SOURCE MATERIAL:
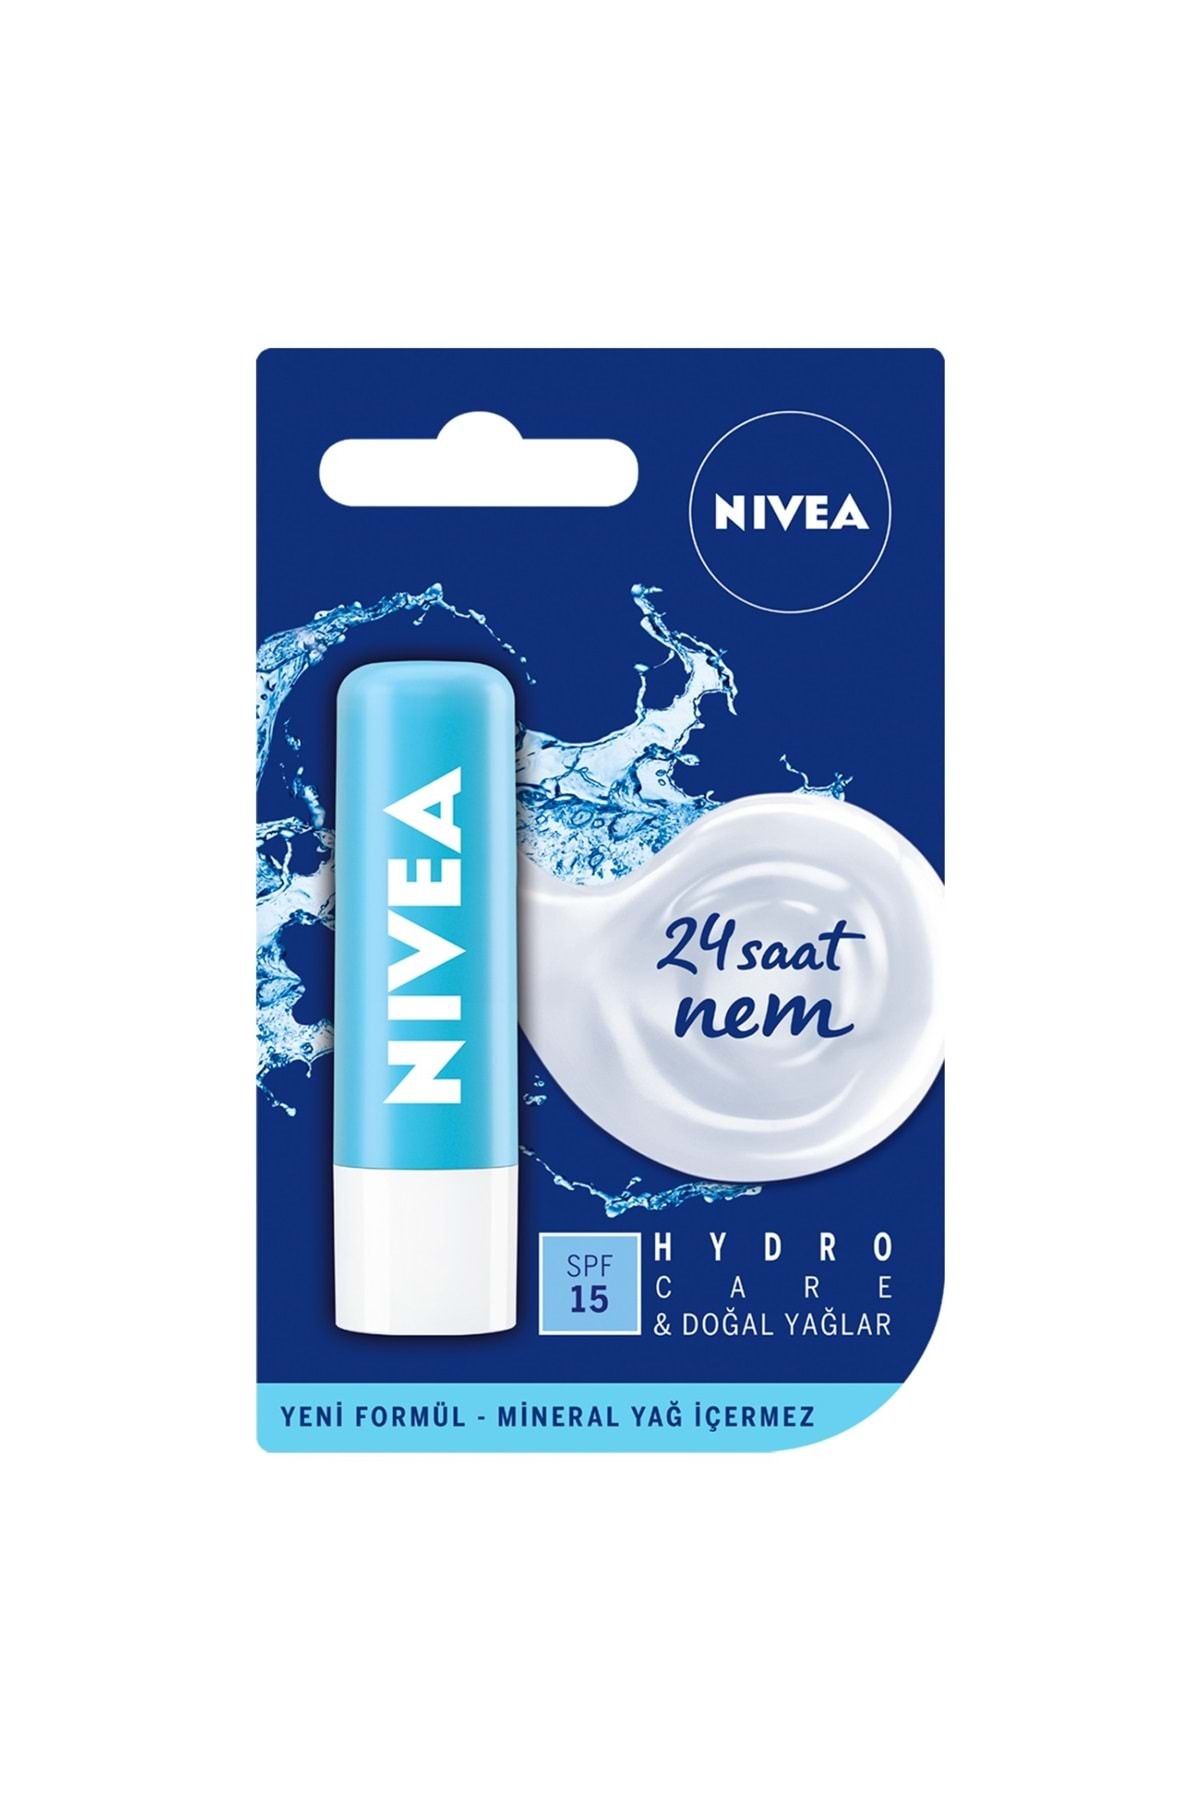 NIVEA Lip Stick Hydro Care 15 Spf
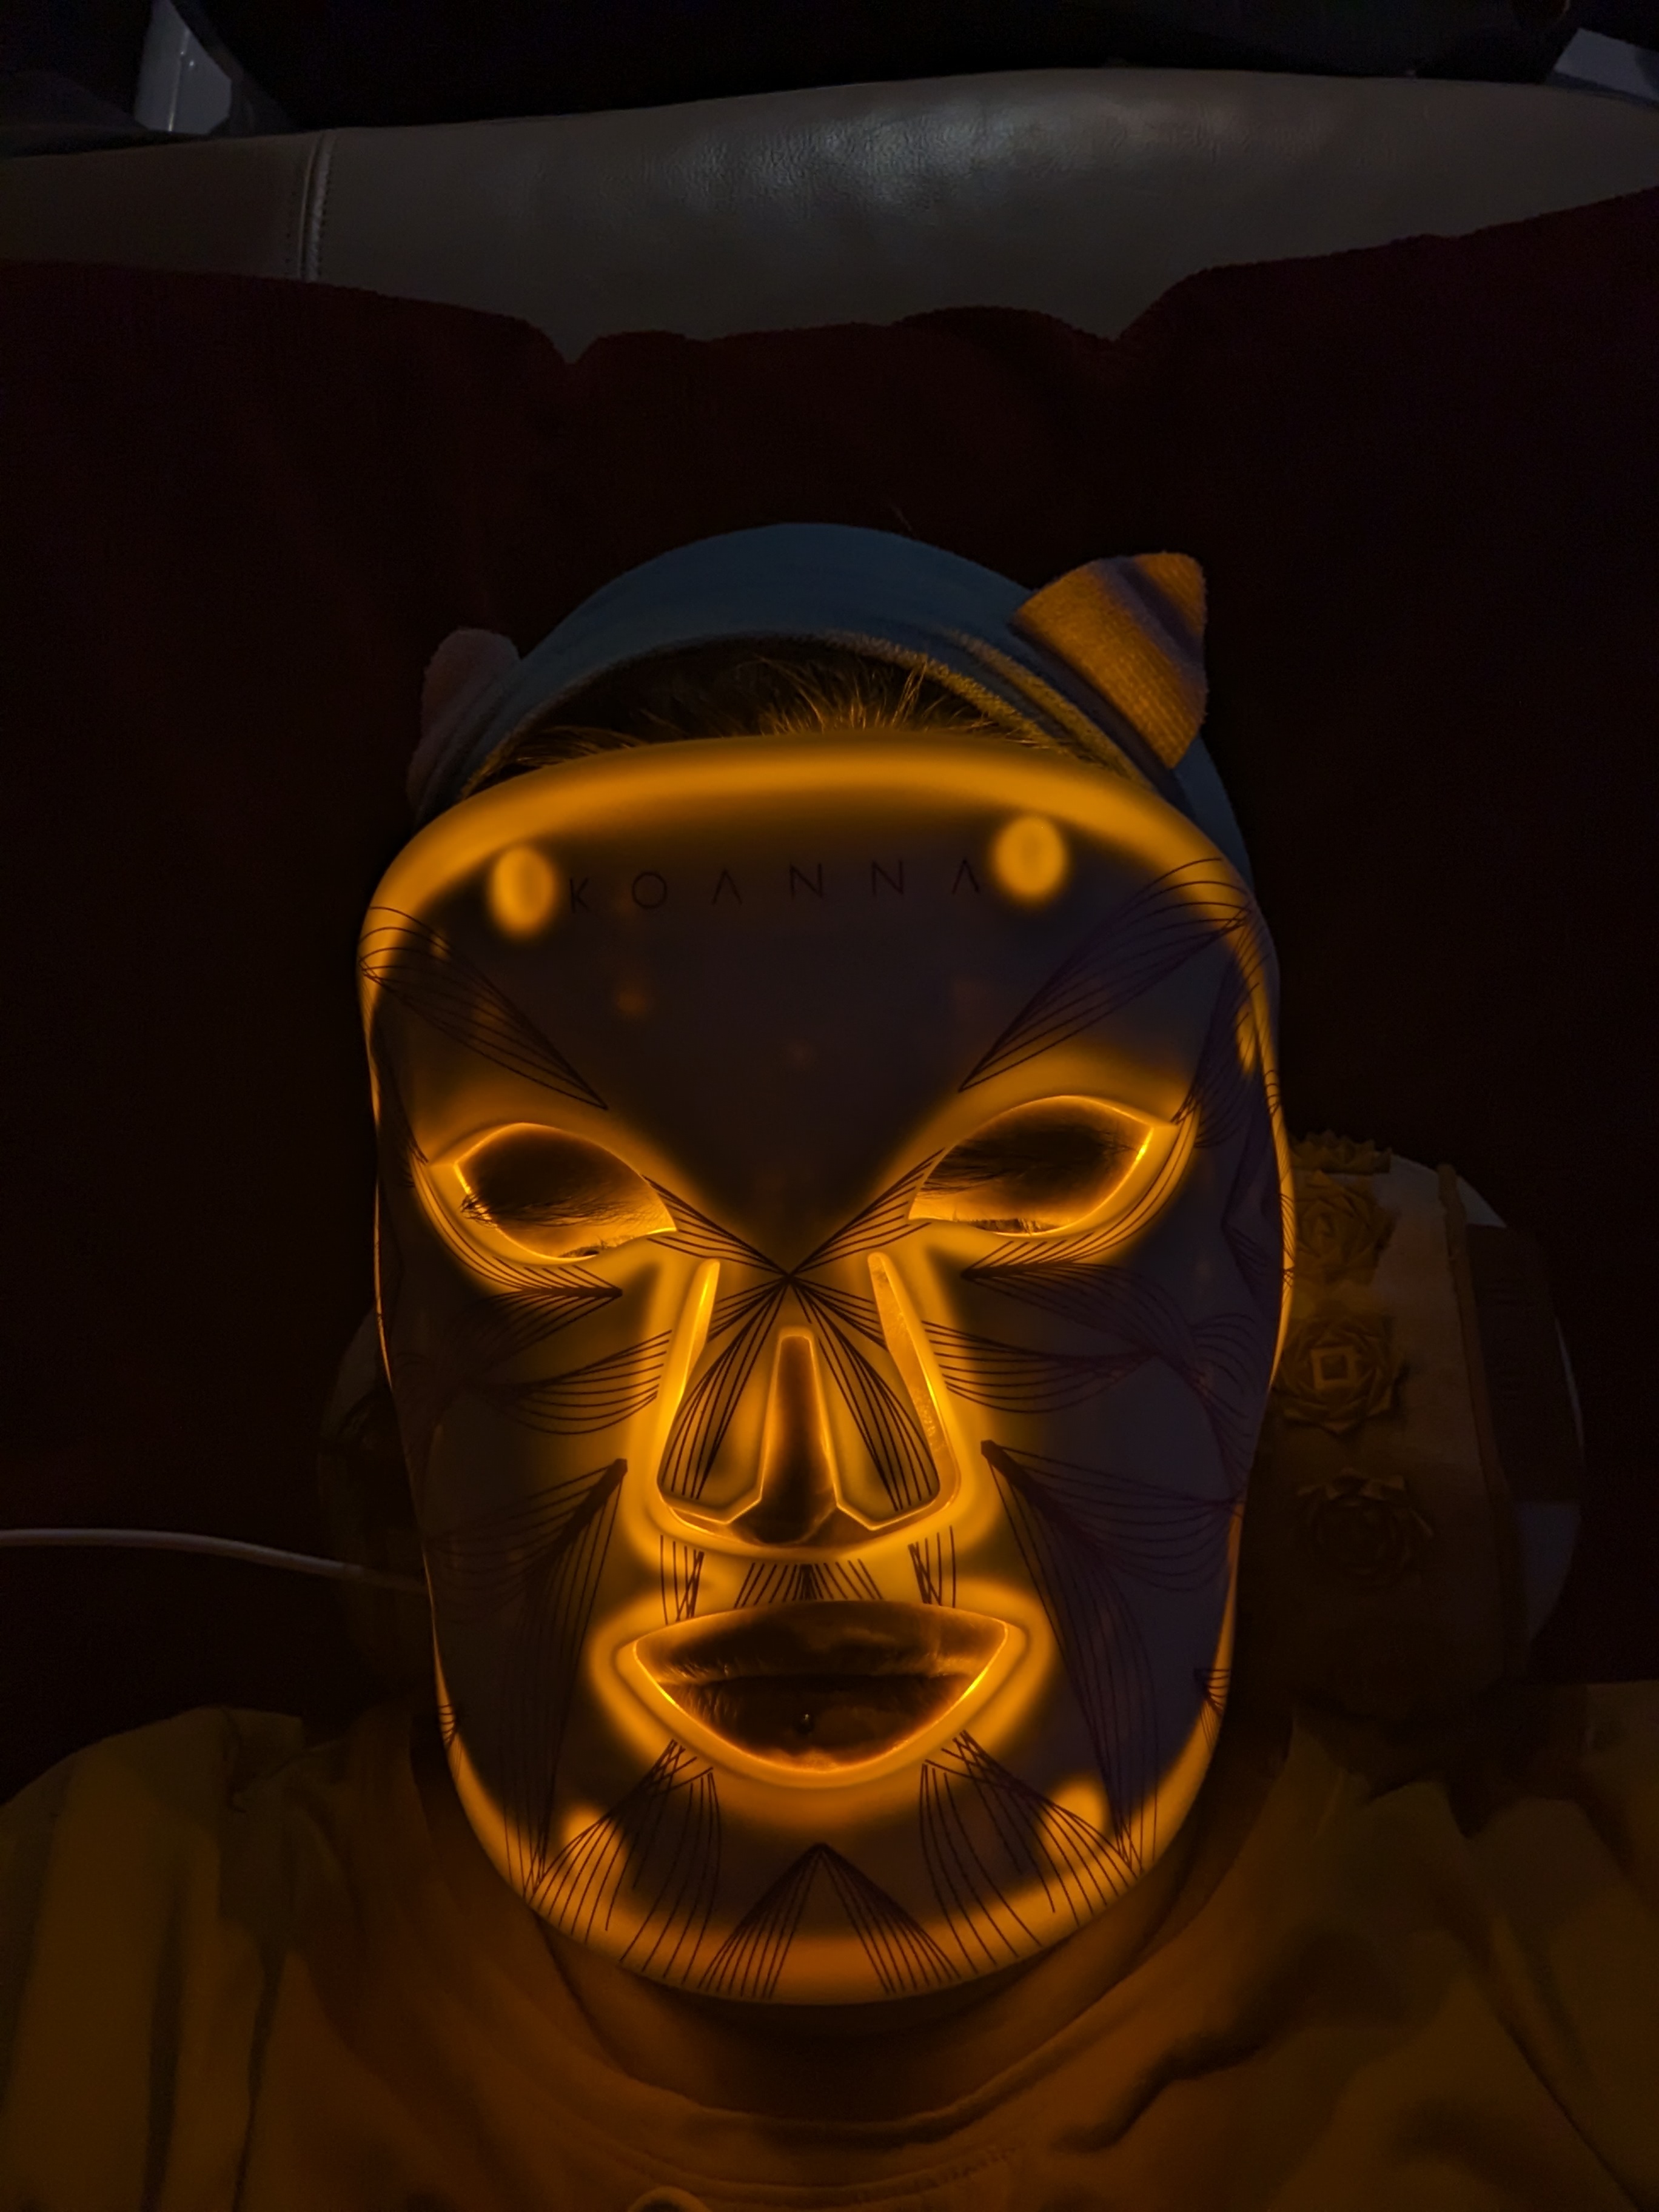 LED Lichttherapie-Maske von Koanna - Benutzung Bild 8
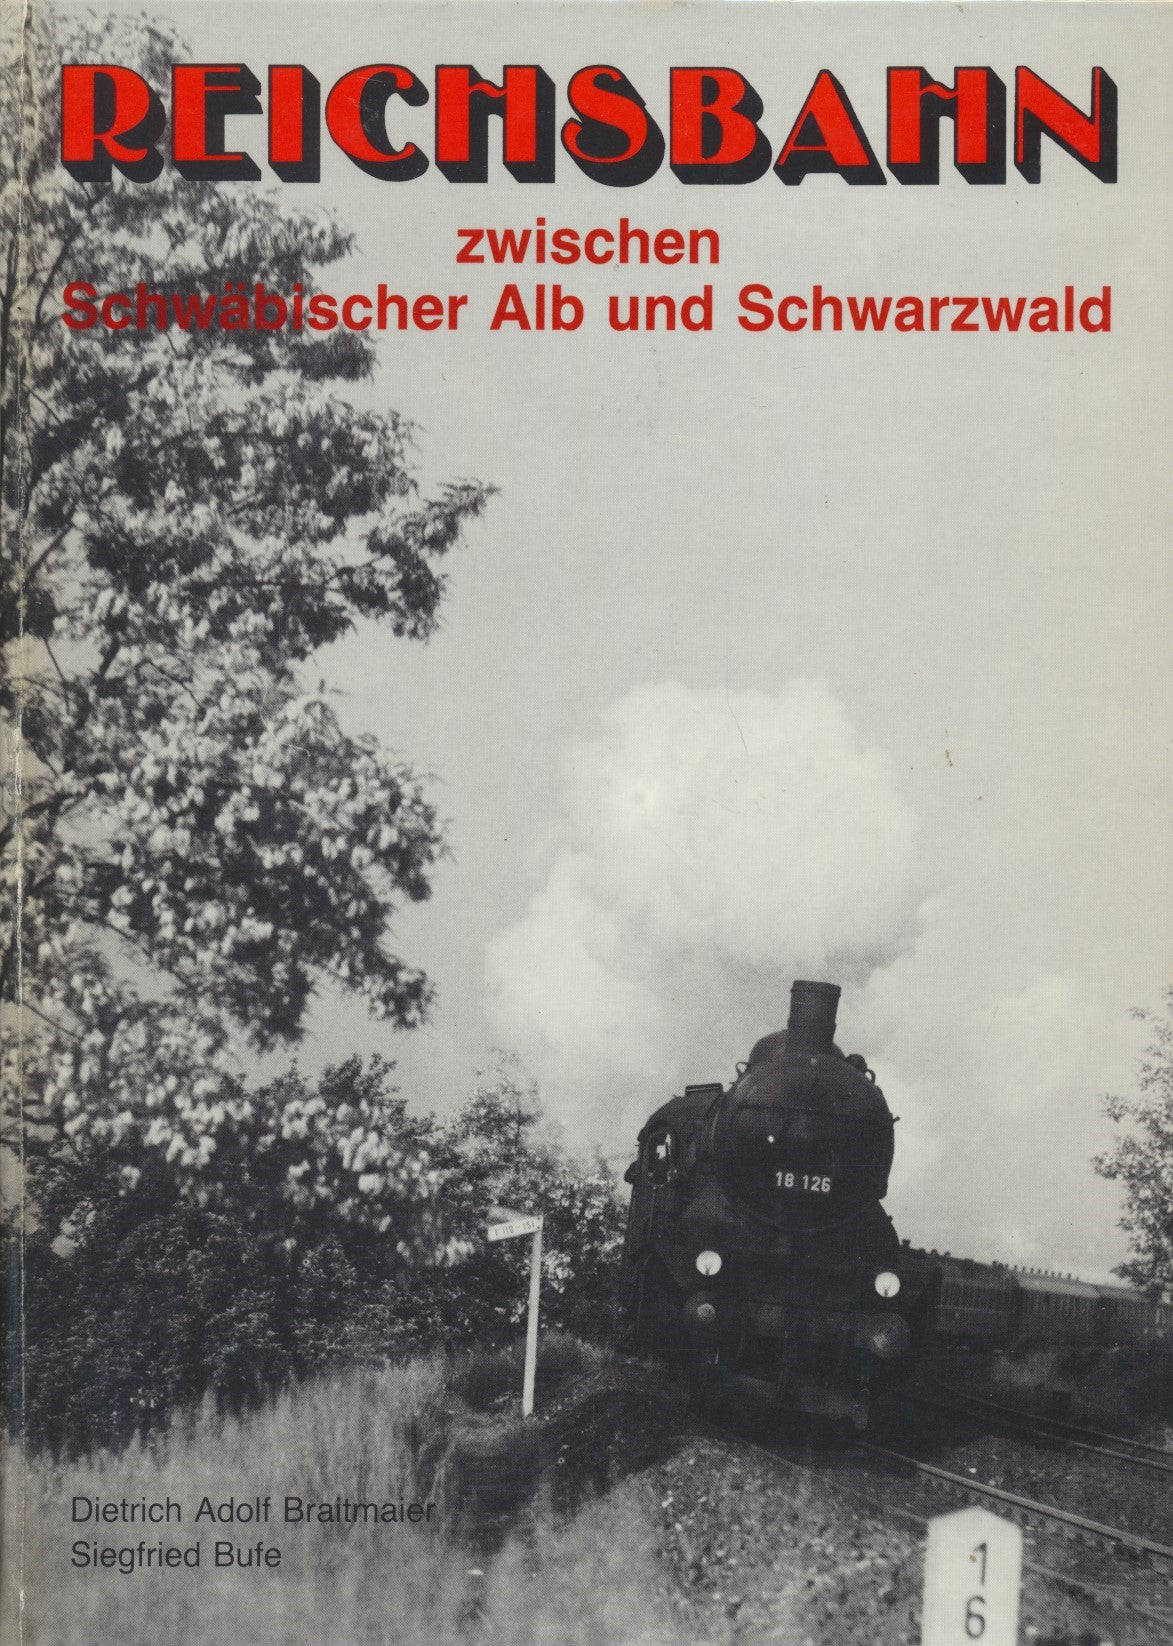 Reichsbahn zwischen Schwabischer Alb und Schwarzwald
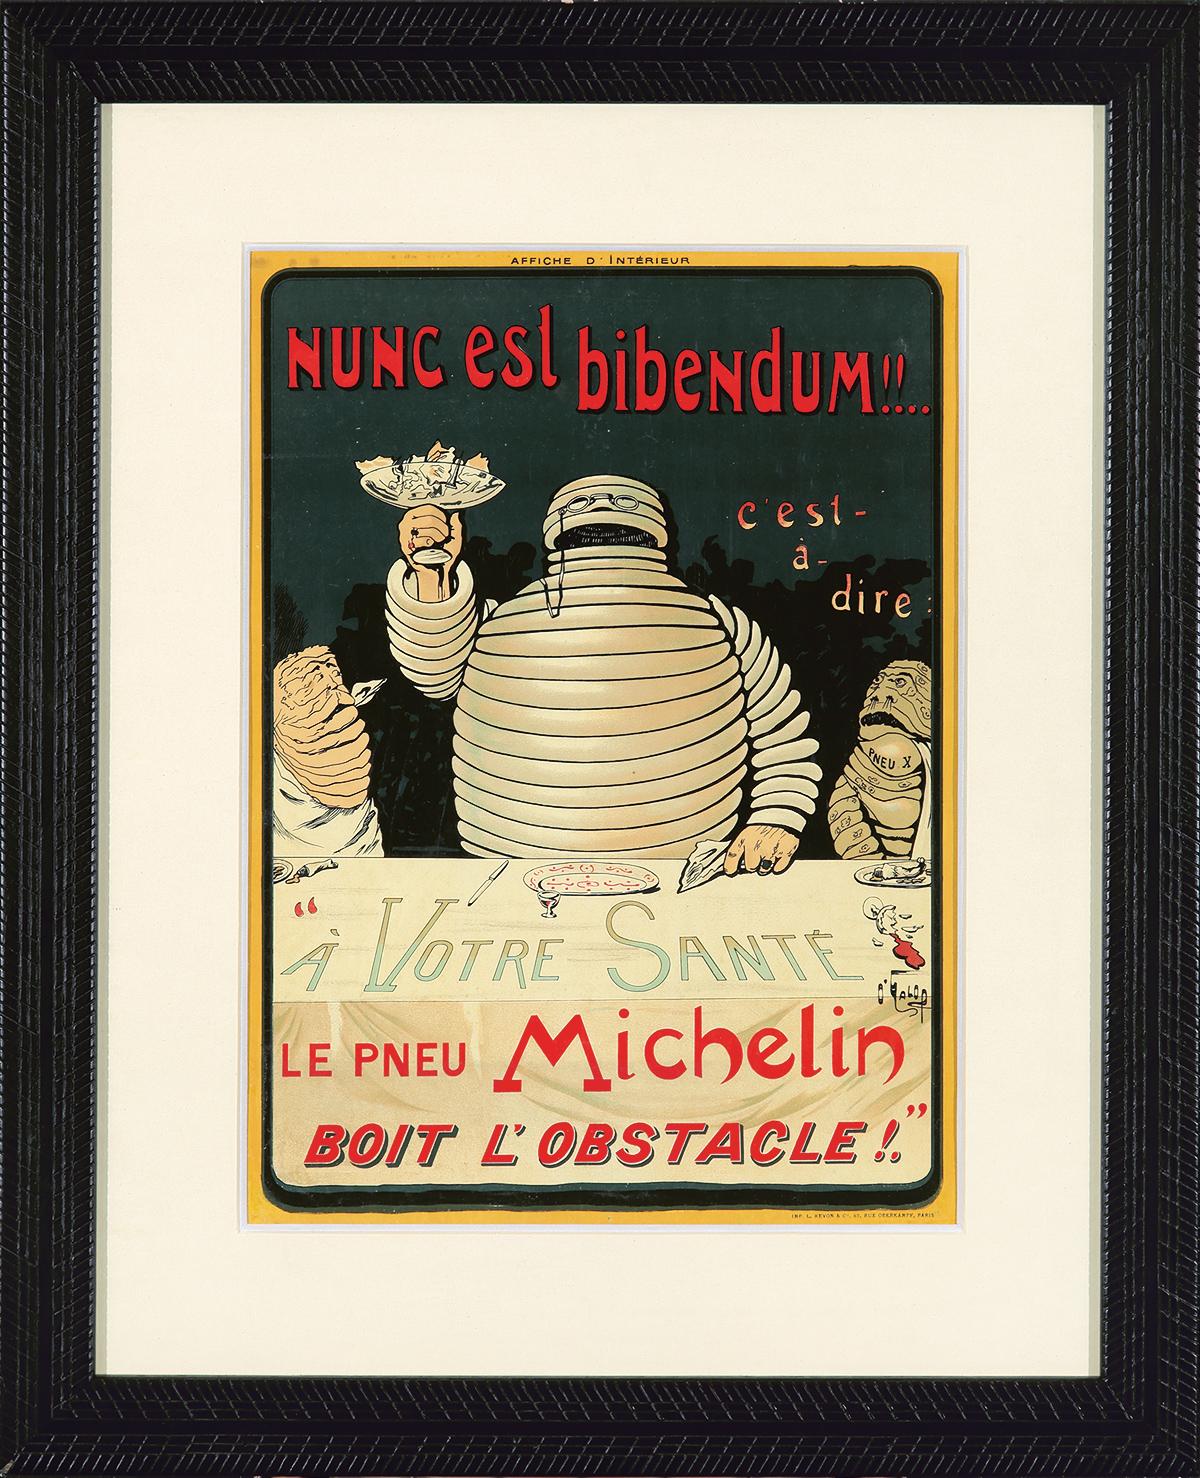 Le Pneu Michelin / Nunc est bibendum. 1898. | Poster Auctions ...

EXERCISE BRIEF: Restate, word for word, all of the material above, leaving out the images.

ANSWER FOR THIS EXERCISE:
 NIVEA Lip Stick Hydro Care 15 Spf
 LED Lichttherapie-Maske von Koanna - Benutzung Bild 8
 Reichsbahn zwischen Schwabischer Alb und Schwarzwald
 Le Pneu Michelin / Nunc est bibendum. 1898. | Poster Auctions ...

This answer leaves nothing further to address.